Paulo Saldaña e Victor Vieira - O Estado de S. Paulo

07 Junho 2014 | 03h 00

Escola não colocou disciplinas do segundo semestre no sistema. Departamento recomenda não abrir vagas de Engenharia em 2015

SÃO PAULO - Professores da Universidade de São Paulo (USP) pressionam a reitoria por uma definição de onde ocorrerão as aulas do segundo semestre do câmpus Leste, interditado desde janeiro. A Comissão de Graduação da Escola de Artes, Ciências e Humanidades (Each), que faz parte da unidade, decidiu não cadastrar as disciplinas do próximo período sem que haja uma definição. Um departamento da Politécnica recomendou à direção da escola que o processo seletivo do curso de Engenharia da USP Leste não seja aberto no próximo ano.

A universidade aposta na liberação da área antes do início do segundo semestre. O contrato com a Unicid, faculdade particular que abrigou parte das atividades, termina em julho. Também termina o acordo com o Centro Paula Souza, que empresta salas da Faculdade de Tecnologia (Fatec) Tatuapé, na zona leste. A Justiça decidiu pela interdição por causa dos problemas ambientais da unidade.

Câmpus Leste da USP está interditado desde janeiro
Câmpus Leste da USP está interditado desde janeiro

No caso da Each, se as disciplinas não forem para o sistema, os alunos não poderão se matricular. A unidade precisava registrar no sistema a oferta de matérias até 25 de maio. A Comissão de Graduação da Escola já discutiu o adiamento do segundo semestre para 2015, mas não houve essa decisão.

Na Poli, que passou a oferecer na USP Leste o curso de Engenharia da Computação - ênfase em Sistemas Corporativos - a partir deste ano, a dúvida envolve não só questões de infraestrutura, mas também a disponibilidade de professores. O curso é vinculado ao Departamento de Engenharia da Computação e Sistemas Digitais, que entregou recomendação à direção sobre a não abertura de processo seletivo.

“O não provimento dos requisitos (recursos humanos e infraestrutura física) impede que uma nova turma seja levada a cabo com padrão de qualidade e excelência”, diz o documento, ao qual o Estado teve acesso. “Este conselho recomenda que não se abra o processo de ingresso no próximo vestibular.” 
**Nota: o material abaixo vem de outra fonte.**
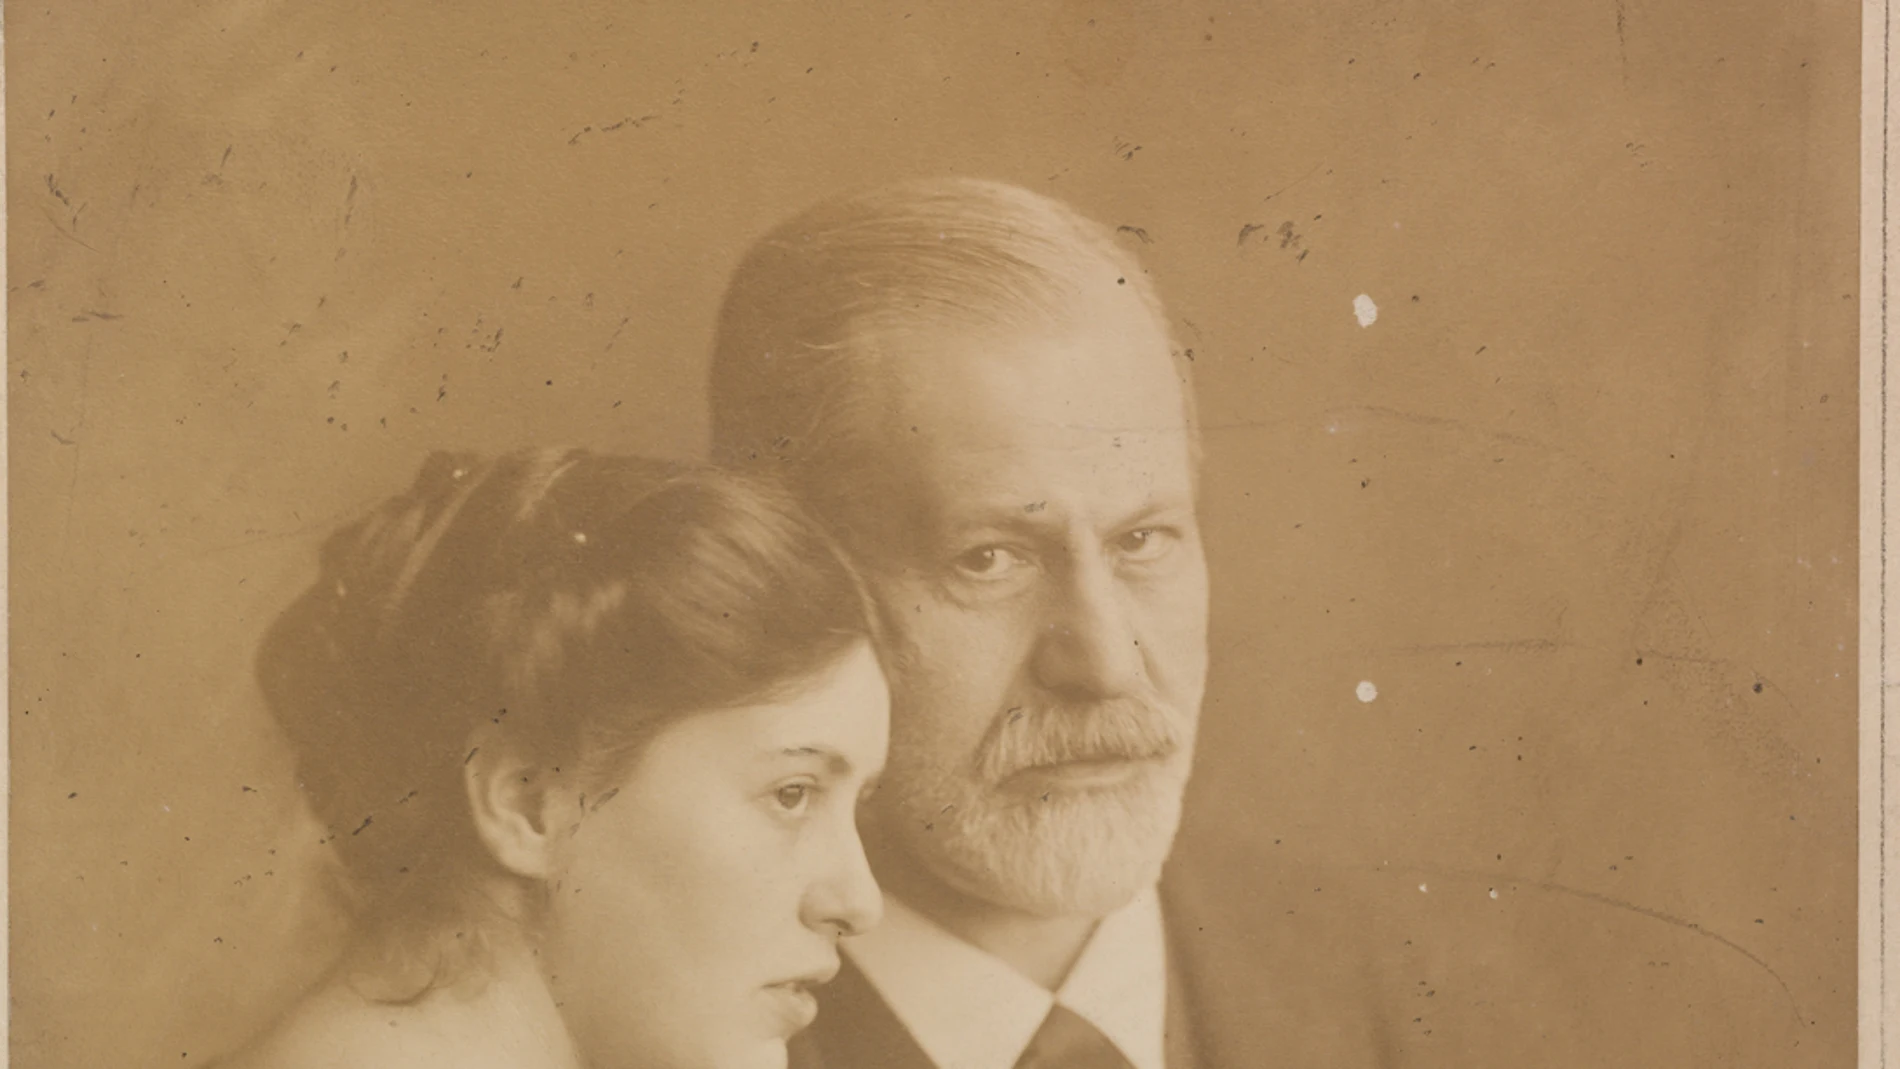 Sophie con su padre,Sigmund Freud, en una fotografía tomada en 1917

Cargos. Por causa da interdição da USP Leste, as aulas do curso têm ocorrido na Cidade Universitária, na zona oeste. O diretor da Poli, José Roberto Piqueira, afirma que o comunicado expõe preocupação do corpo docente, mas descarta qualquer possibilidade de não haver vestibular. “O departamento está muito preocupado com a possibilidade de ter um curso na zona leste não compatível com a qualidade dos cursos habituais da Poli”, diz. “Porque há perspectiva que alguns cargos não sejam atendidos e a infraestrutura não exista momentaneamente.” Por causa da crise financeira, a reitoria suspendeu a distribuição de 500 cargos.

Para que não houvesse abertura de vagas, a decisão teria de passar pela Congregação da Poli e pelo Conselho Universitário. A reitoria informou que, para o próximo vestibular, não daria tempo de passar por todas as instâncias. A assessoria de imprensa da USP afirmou que todas as medidas solicitadas pelo Ministério Público Estadual para a descontaminação do terreno estão sendo tomadas.